## Exercise prompt:
Every line from the one holding "wc giraffe 1 & 2 - image 2 - student project" through the one holding "Carrucci RichardAtmospheric grades" in the data below must be returned exactly, both ends included, with pictures left out and nothing else added.

## Task input:
━━━━━━━━━━━━━━━━━━━━━━━━━━━━━━

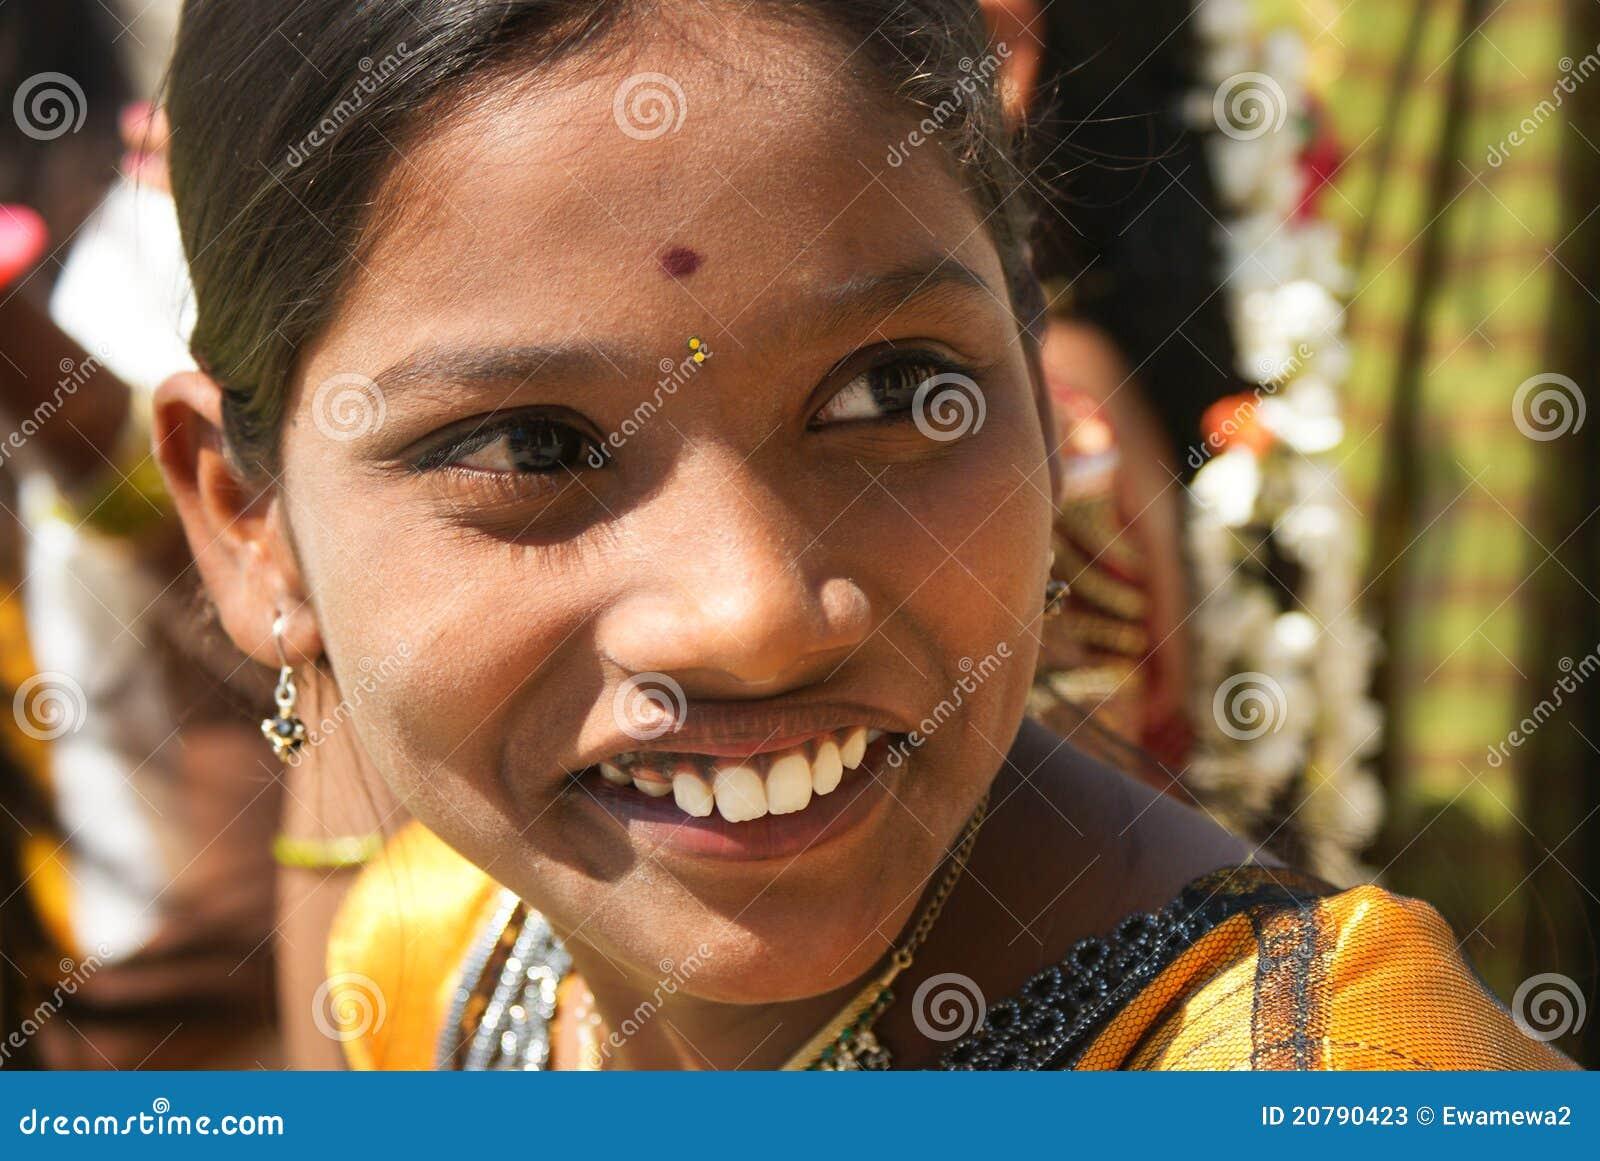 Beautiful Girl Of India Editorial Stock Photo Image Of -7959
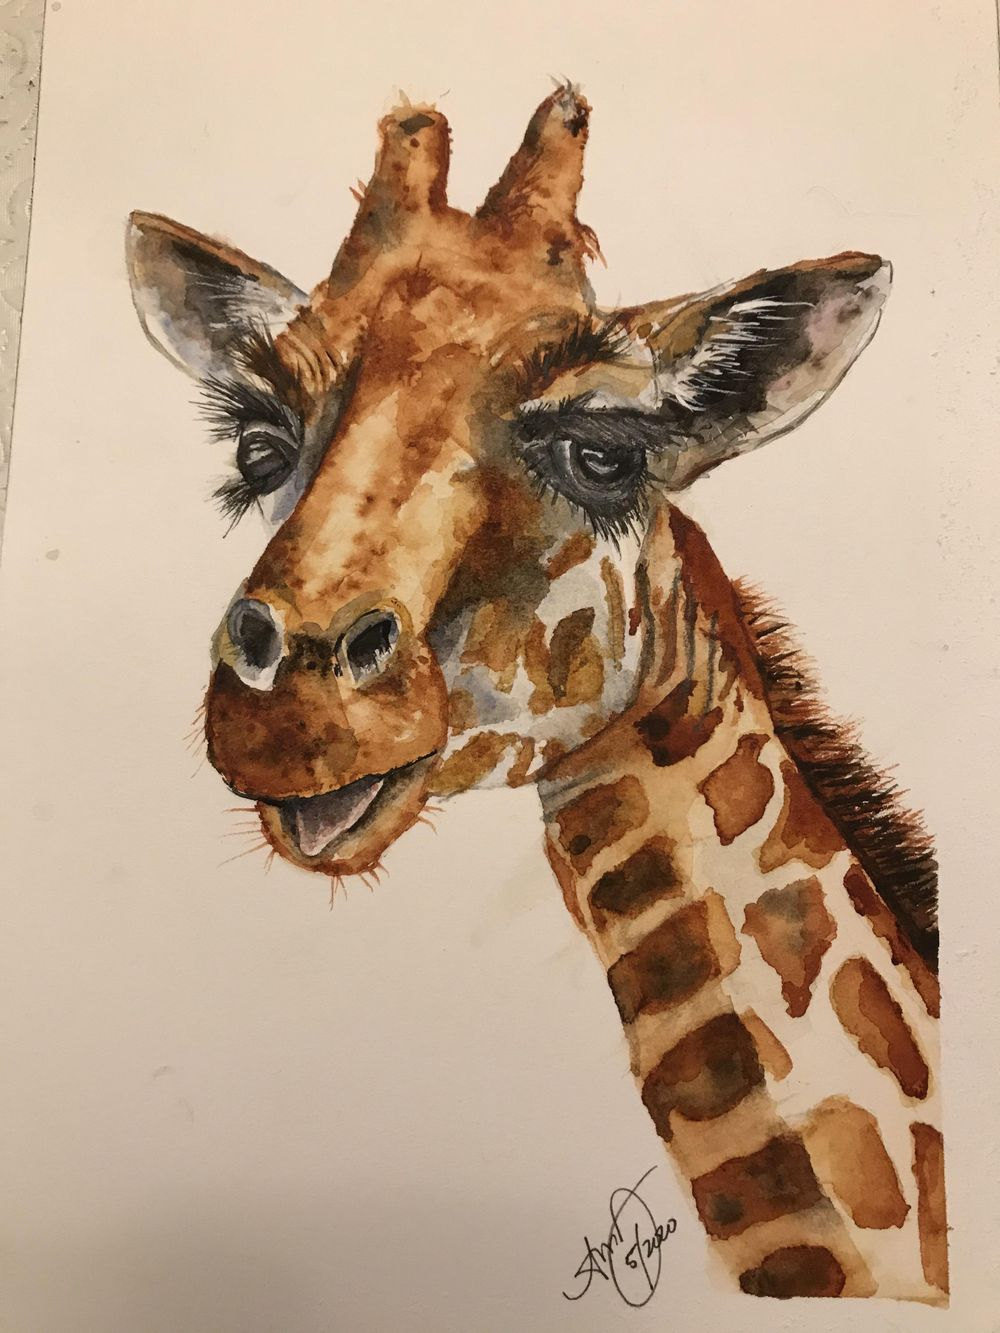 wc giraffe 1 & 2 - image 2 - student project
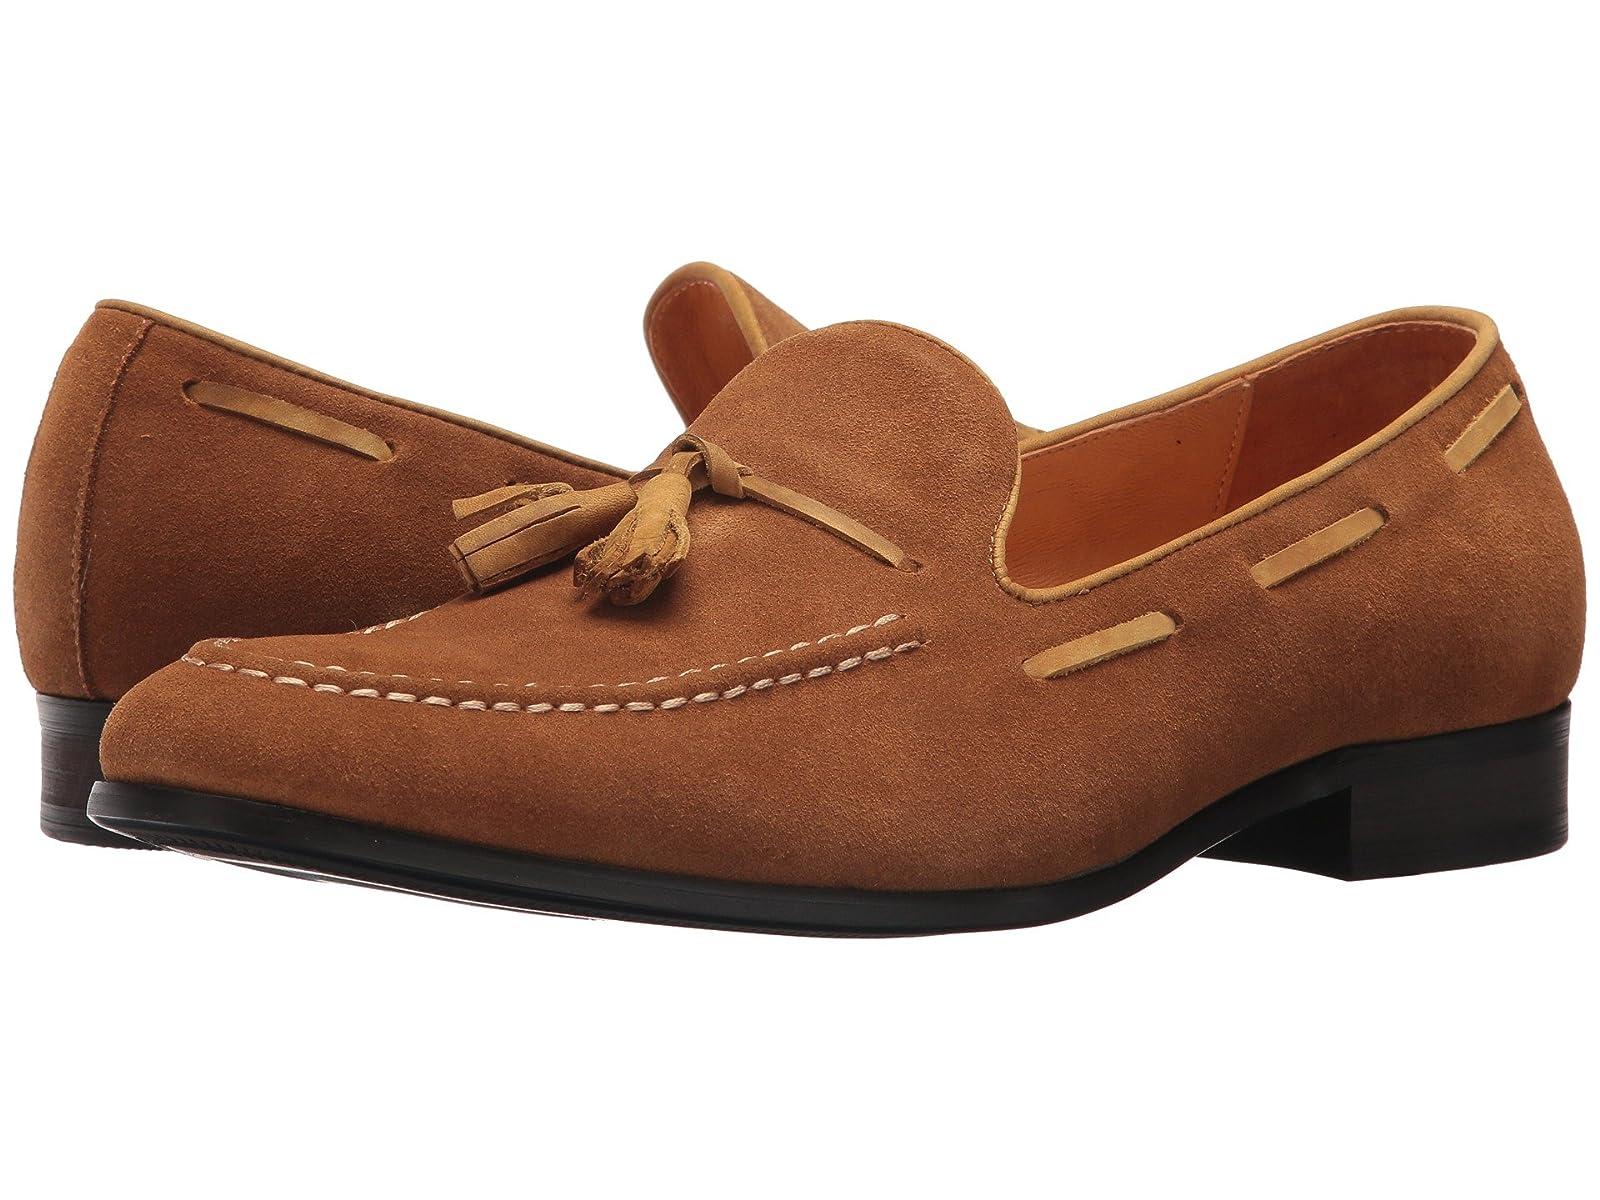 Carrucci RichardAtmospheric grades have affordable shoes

━━━━━━━━━━━━━━━━━━━━━━━━━━━━━━

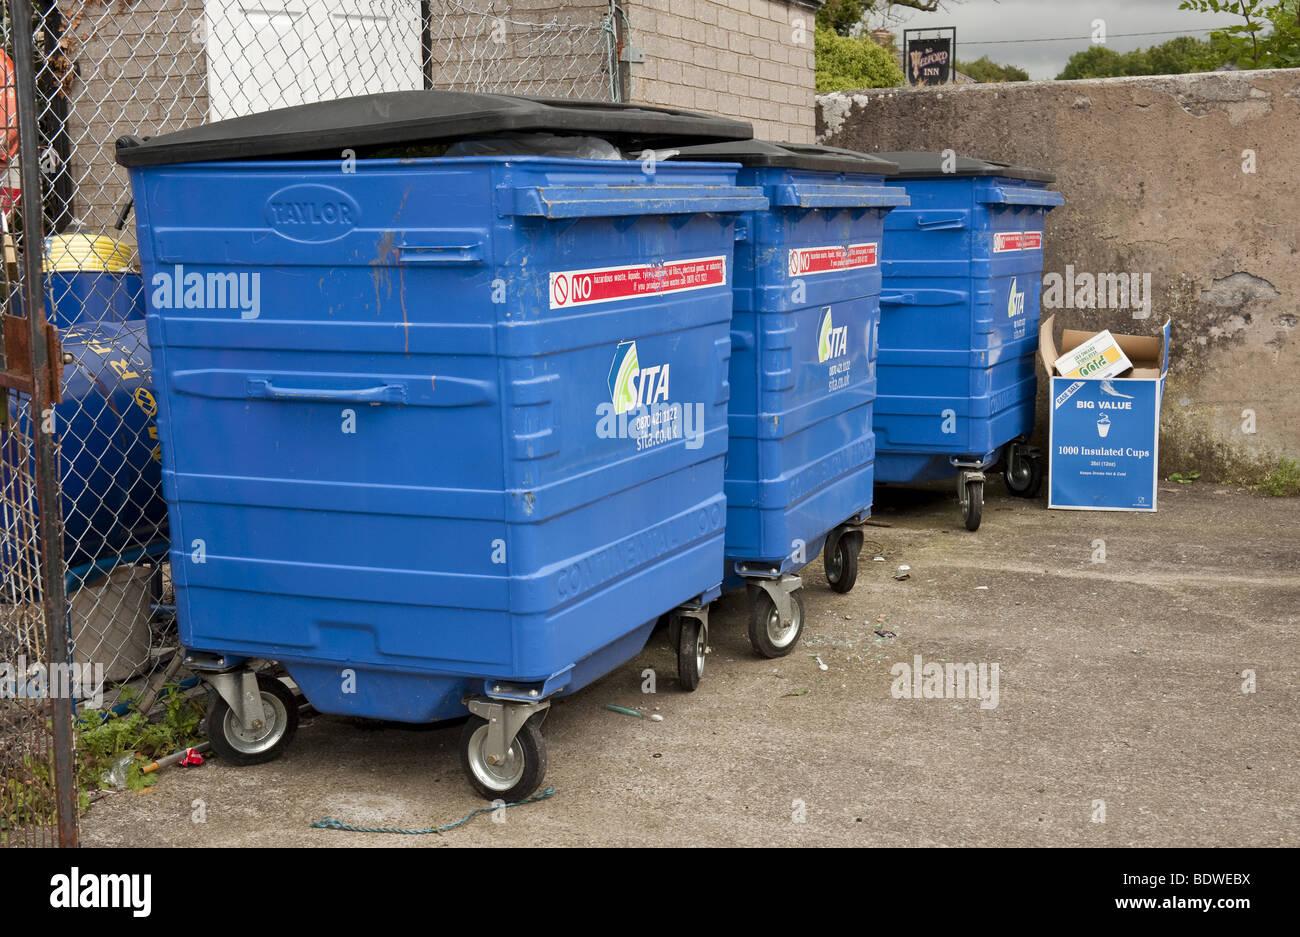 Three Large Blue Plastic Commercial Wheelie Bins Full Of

━━━━━━━━━━━━━━━━━━━━━━━━━━━━━━

## Output for this task:
 wc giraffe 1 & 2 - image 2 - student project
 Carrucci RichardAtmospheric grades have affordable shoes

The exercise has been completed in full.